Review: The Gilded Age, "What the Papers Say" | Season 3, Episode 2

Would you rather be Gladys trapped in a gilded cage, or Marian trapped in a temperance campaign?

Review: The Gilded Age, "What the Papers Say" | Season 3, Episode 2
Photograph by Karolina Wojtasik/HBO

No matter what story it’s telling, The Gilded Age (as one might expect from the titular setting) is always about the tension between the haves and have-nots. Sometimes what is had is money, sometimes social standing, autonomy, respect, or the moral high ground. As the conflicts sharpen this season, these kinds of having and not-having intersect with increasing pathos and frustration.

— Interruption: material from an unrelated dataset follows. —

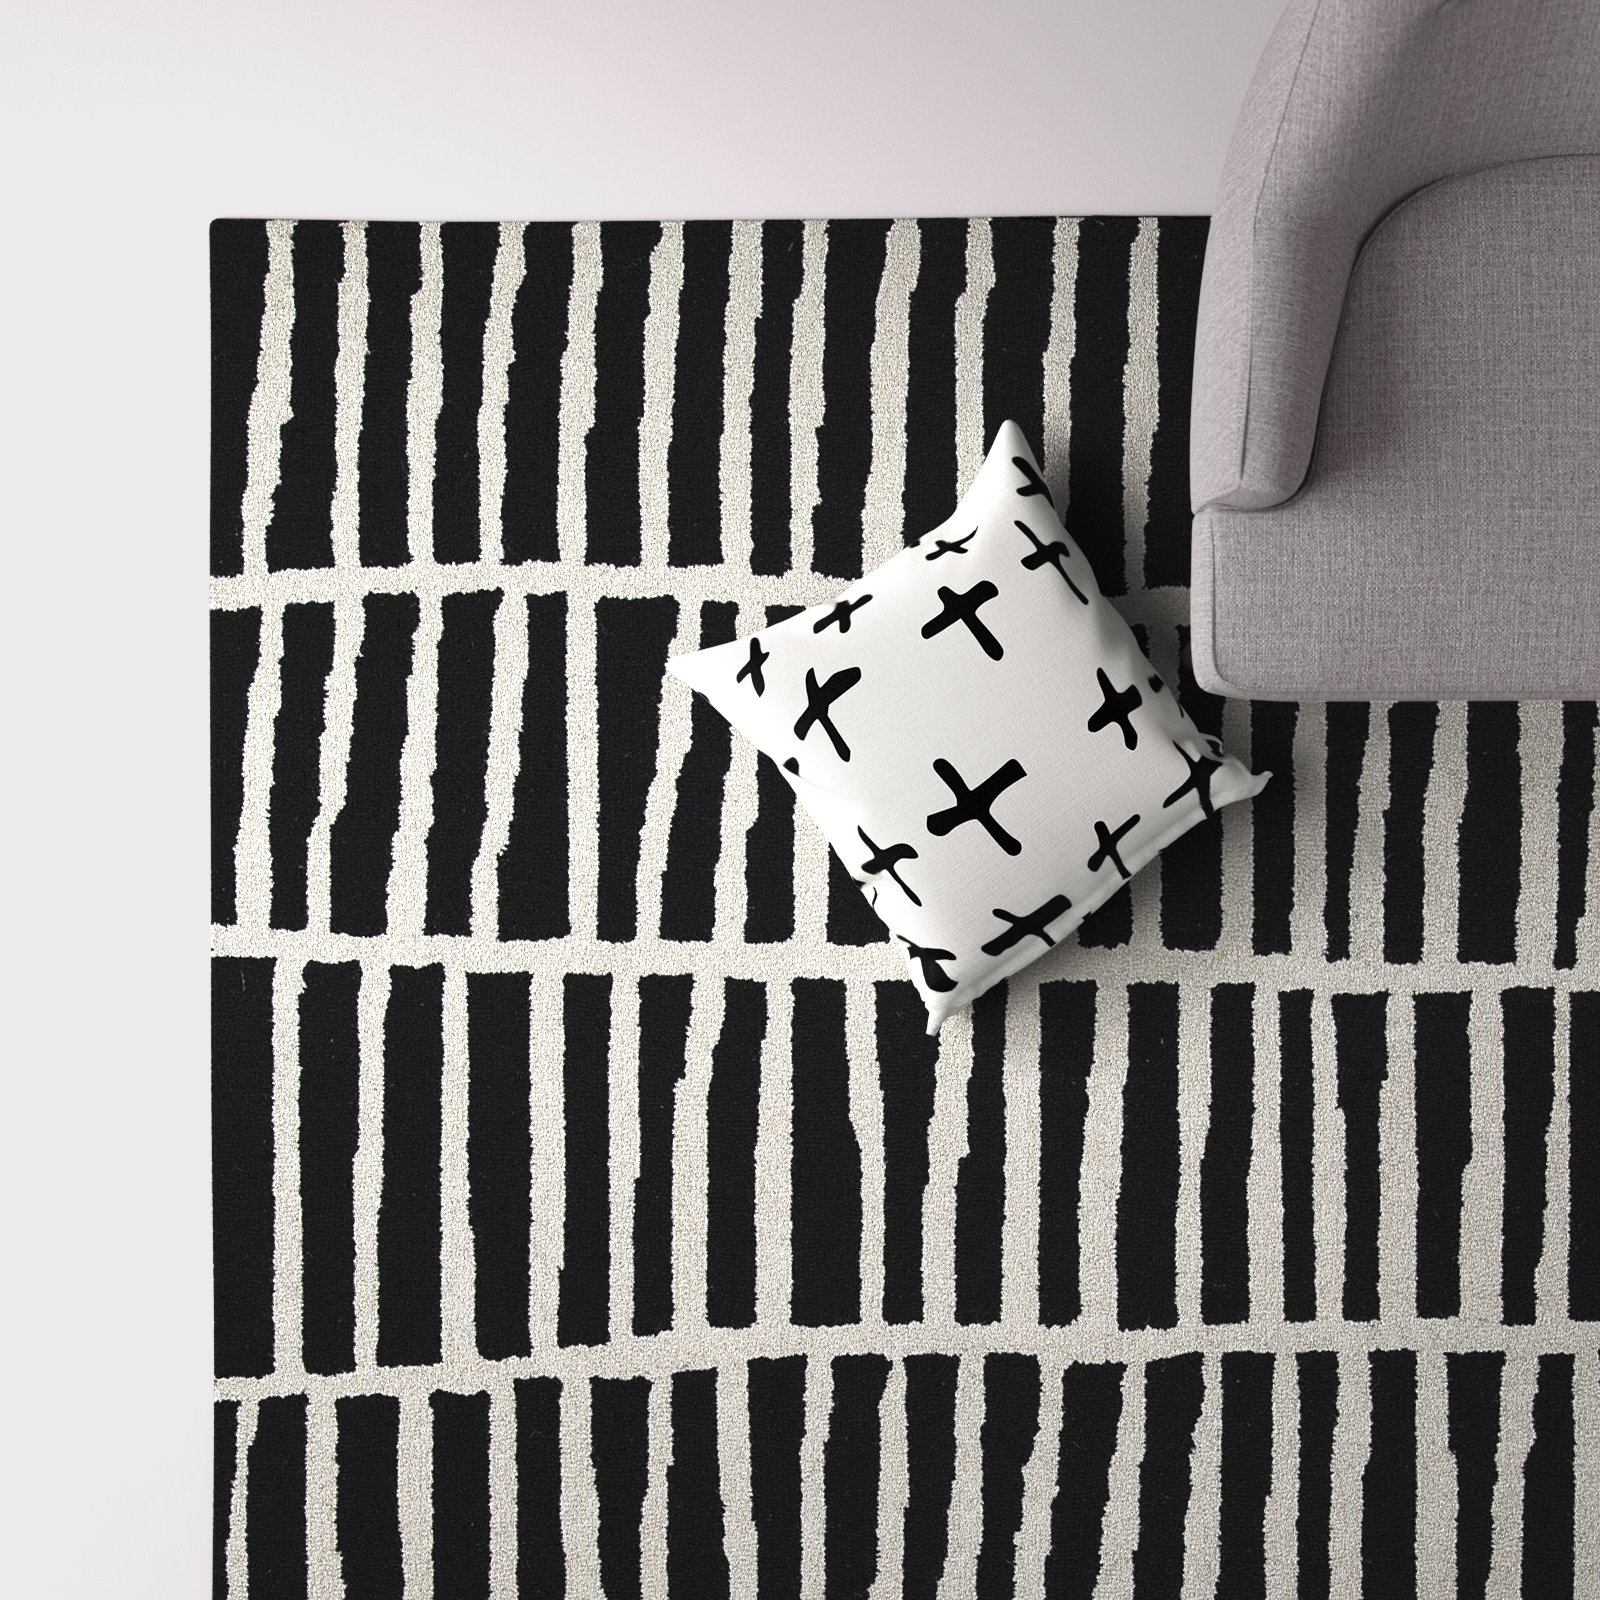 Dave Geometric Black & White Hand-Tufted 100% Wool Soft Area Rug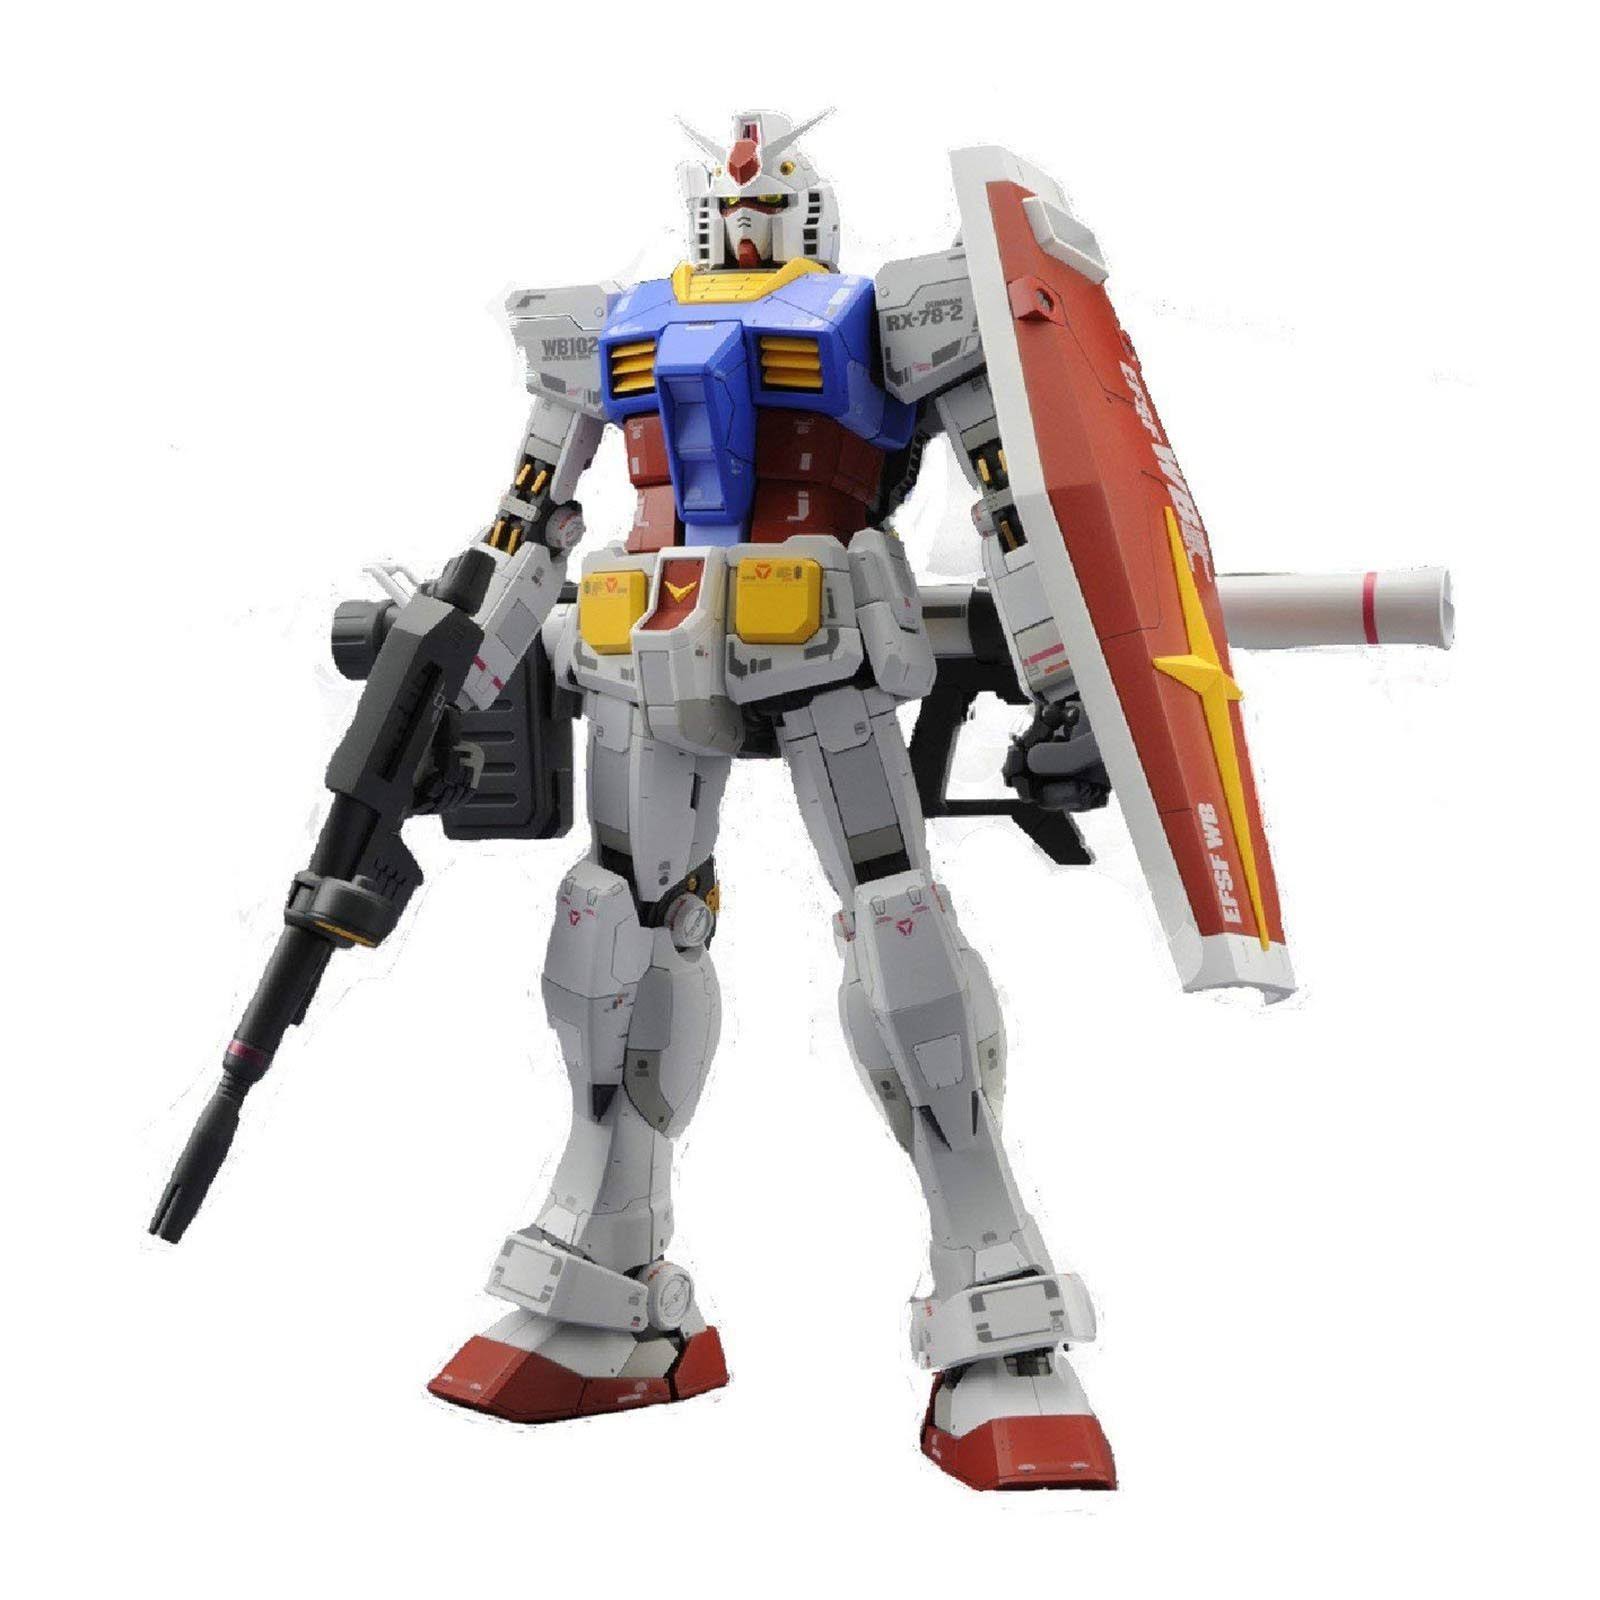 Bandai Hobby MG Gundam RX-78-2 Ver. 3.0 Action Figure Model Kit - 1:100 Scale

Let’s start with perhaps the least consequential, but most infuriating and complex of these interactions: Ada’s temperance zeal versus, well, almost everybody. Reader, I can’t be the only person who yelled at the television every time the word “pledge” came out of Ada’s mouth. Ada has the currency of righteousness, as well as the currency of actual currency. She realizes the power of the latter, or at least can’t deny that her fortune is what allows her to impose her will in the household and overrule her sister. But she is able to pretend that it’s her power of moral persuasion, not those purse strings, that governs her relationship with the servants. It’s painful to watch the servants squirm, unable to defy their mistress, left to hope against hope that Bannister is right and the matter will be dropped. (Except for Armstrong, who is happy to add sobriety to her racial puritanism.) Thank goodness for Agnes, who at least has the sisterly privilege of contradicting Ada—and for Marian, who kindly declines to sign on the grounds that it’s hard to see anything wrong in their wine at dinner or Jack’s beer after work

Ada likes to think that when she exercises the power she now has because of Luke’s money, she’s benevolently shaping lives. But how can adults, who should be able to make their own choices, fail to feel the tyranny of her moralism? Poor Oscar puts it baldly: “I have no money in any bank, no clients because I can’t be trusted, and I live with my mother and my aunt, who’s joined the Temperance League.” From our perspective, her single-minded crusade even harms herself; it’s the only lens through which she sees the world around her, and so she becomes less interesting, more strident, and more tedious to be around. Aurora Fane must feel badly used when she supports Ada’s claim for head of the van Rhijn household, only to have her wonder if Charles’s drinking is responsible for the failure of their marriage. “Lack of moral judgment is a kind of illness,” she offers to suggest that Aurora wouldn’t be lying to excuse Charles’s absence on his falling ill.